La regione tagliata a metà come un lenzuolo di Fontana probabilmente non raggiungerà lo scopo di rappresentare in Parlamento un esponente della minoranza slovena. Infatti, questo era stato fino ad ora garantito dal Partito Democratico grazie alle liste bloccate e – in precedenza – dal PDS/DS che in uno dei collegi “winnible” dell’area isontina ha sempre favorito l’elezione di uno sloveno. Ma con i due macrocollegi, il solo capolista bloccato e la zuffa per le preferenze, questo risultato sarà molto più difficilmente conseguibile.

Ormai è probabilmente tardi, ma c’era un’alternativa che consentisse di tenere al centro il pluralismo linguistico e culturale della regione, senza sacrificare gli altri criteri di rappresentanza politica parimenti importanti (cioè la coerenza socioculturale, economica, storica e territoriale). Bastava rivendicare anche per il Friuli Venezia Giulia quello che si è riconosciuto al Trentino Alto Adige: l’articolazione in collegi uninominali.

Il Trentino Alto Adige ha infatti mantenuto i collegi uninominali del Mattarellum proprio perché il legislatore ha ritenuto in questo modo di salvaguardare il pluralismo linguistico e culturale di quella regione, senza sacrificare gli altri aspetti della rappresentanza democratica.
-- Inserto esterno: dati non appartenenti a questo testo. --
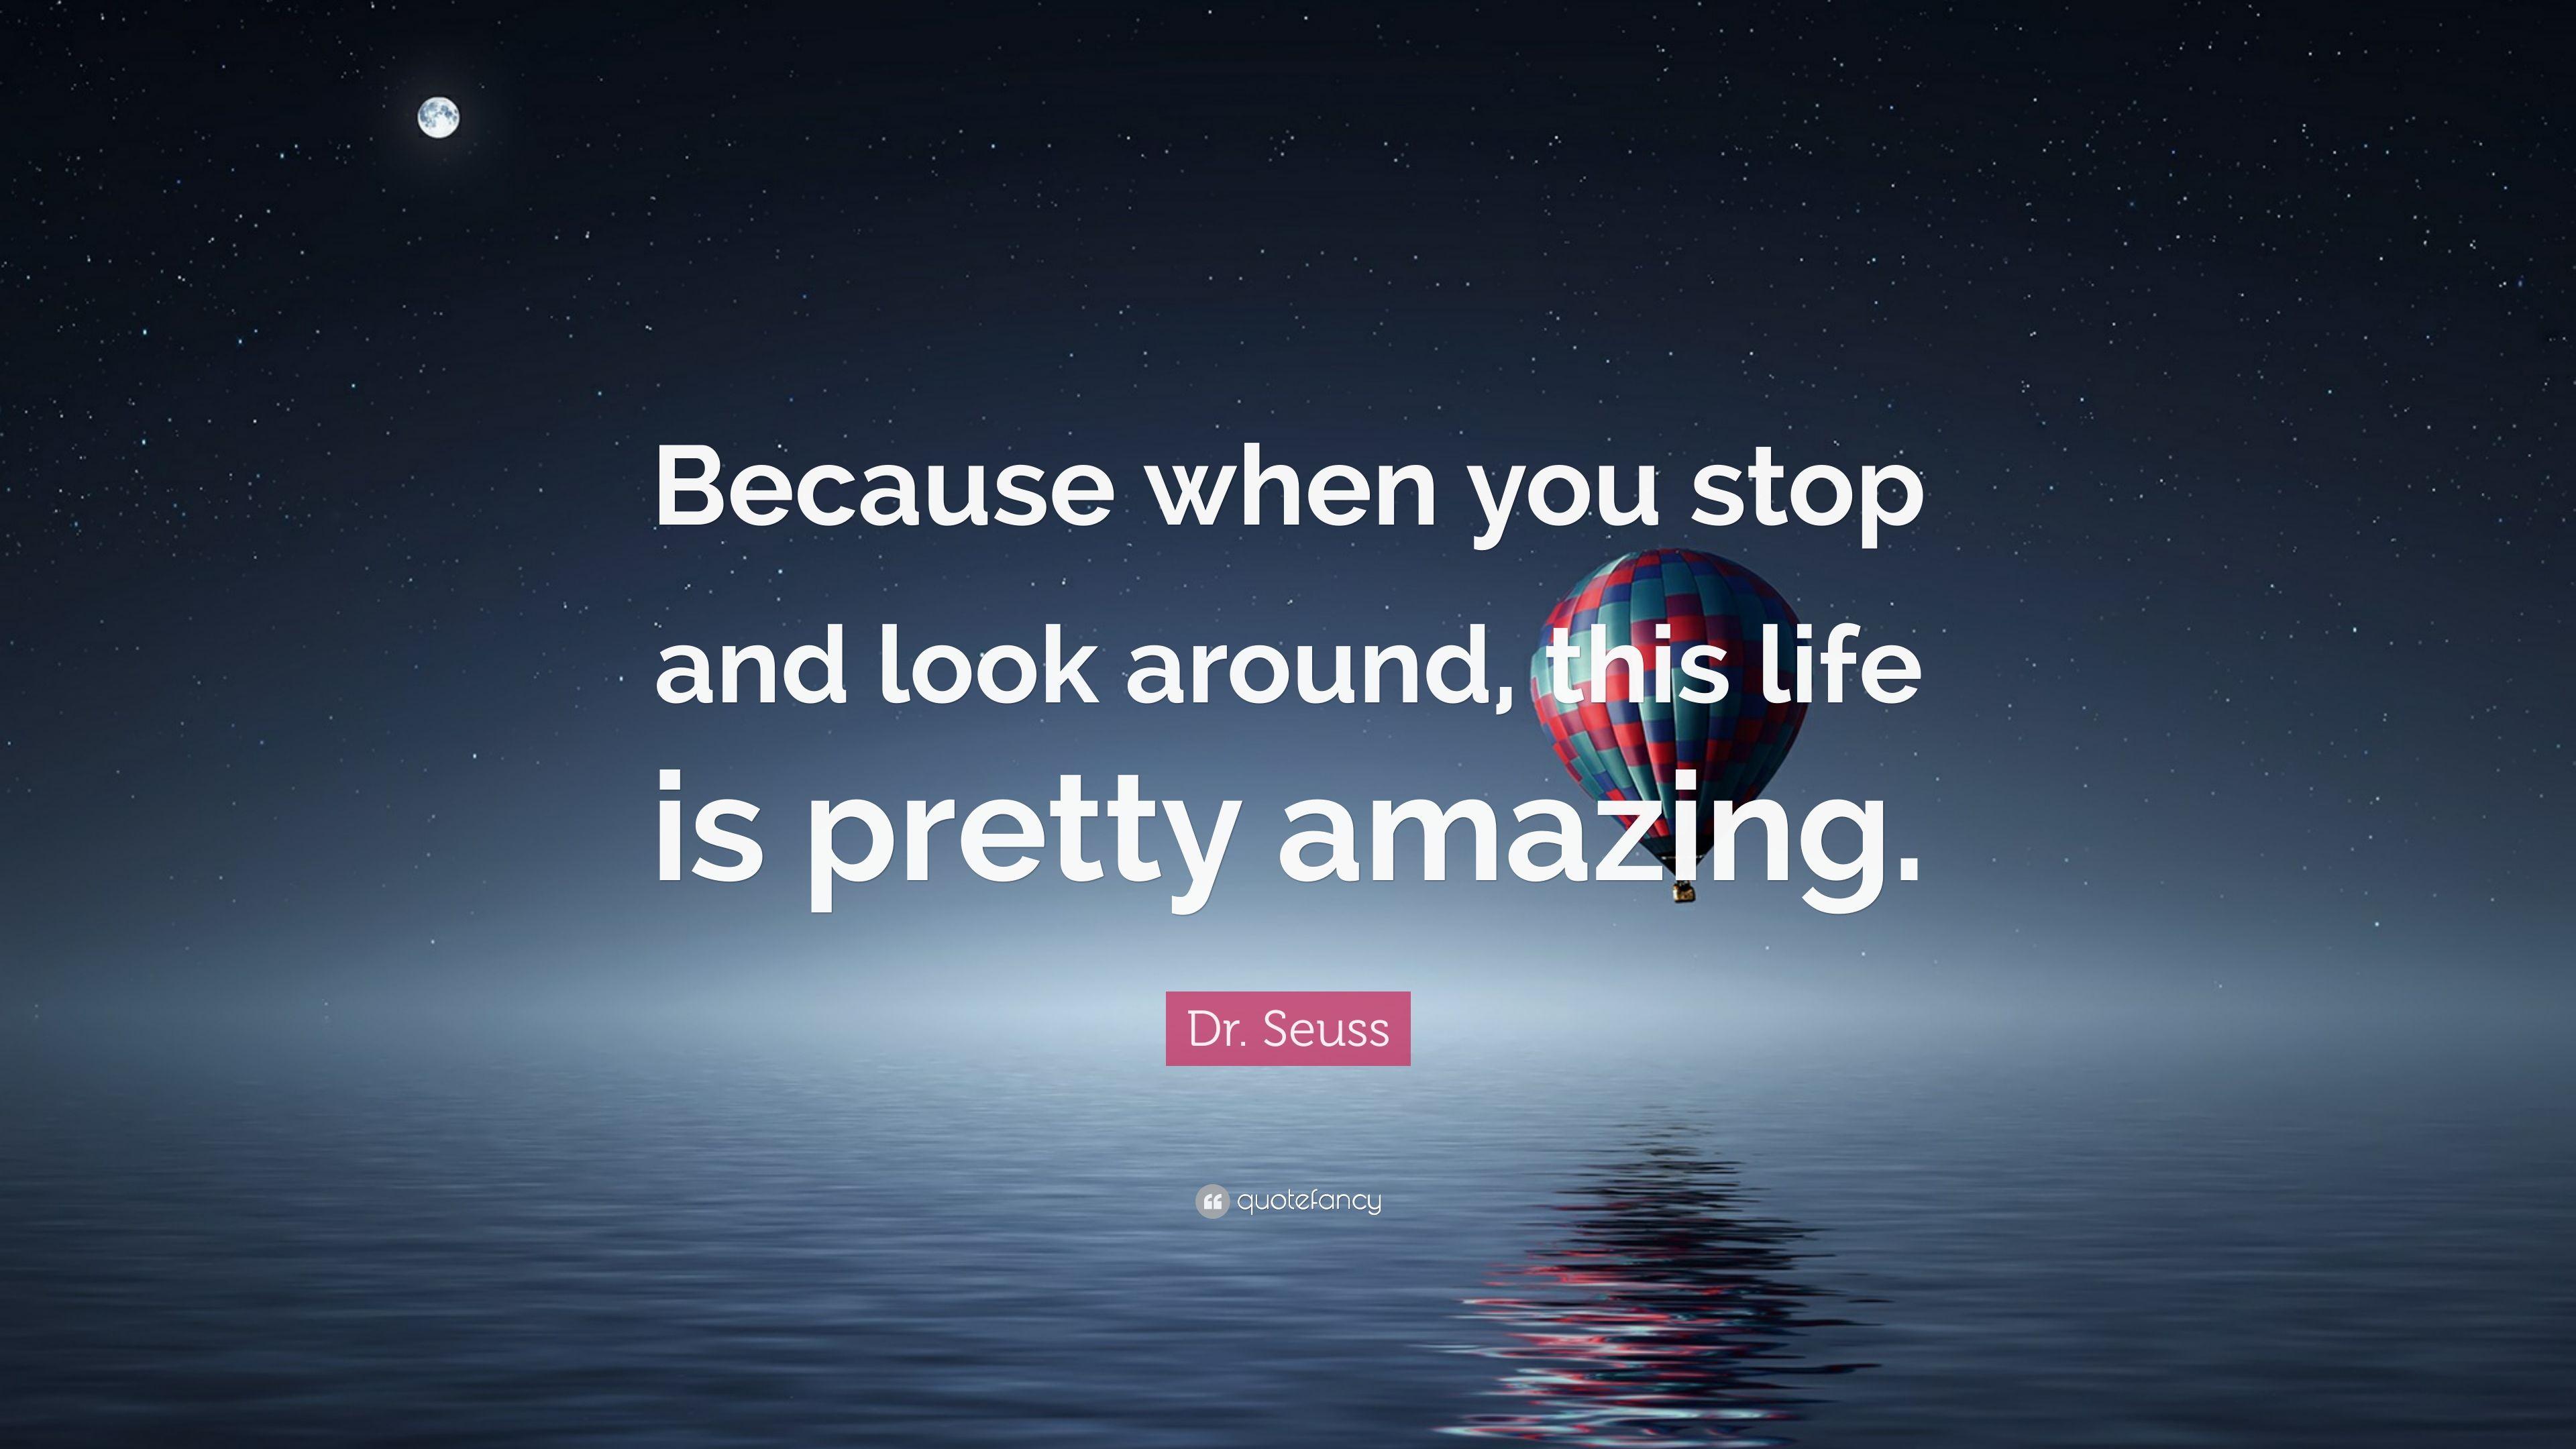 Dr. Seuss Quote: “Because when you stop and look around, this life

E se questo lo si è fatto in Trentino Alto Adige (e in Valle d’Aosta), lo stesso si poteva fare anche in Friuli Venezia Giulia. Anche la nostra regione come le altre due citate è infatti dotata di autonomia speciale e ha al suo interno una minoranza linguistica costituzionalmente tutelata.

Si poteva fare, ma non si è fatto. I Deputati e i Senatori del Friuli Venezia Giulia non hanno ritenuto neppure di provarci, hanno preferito non disturbare il manovratore. Il che – forse – sarà utile alle singole carriere personali di qualcuno tra loro, ma ne è uscita compromessa la qualità complessiva della rappresentanza democratica della nostra regione.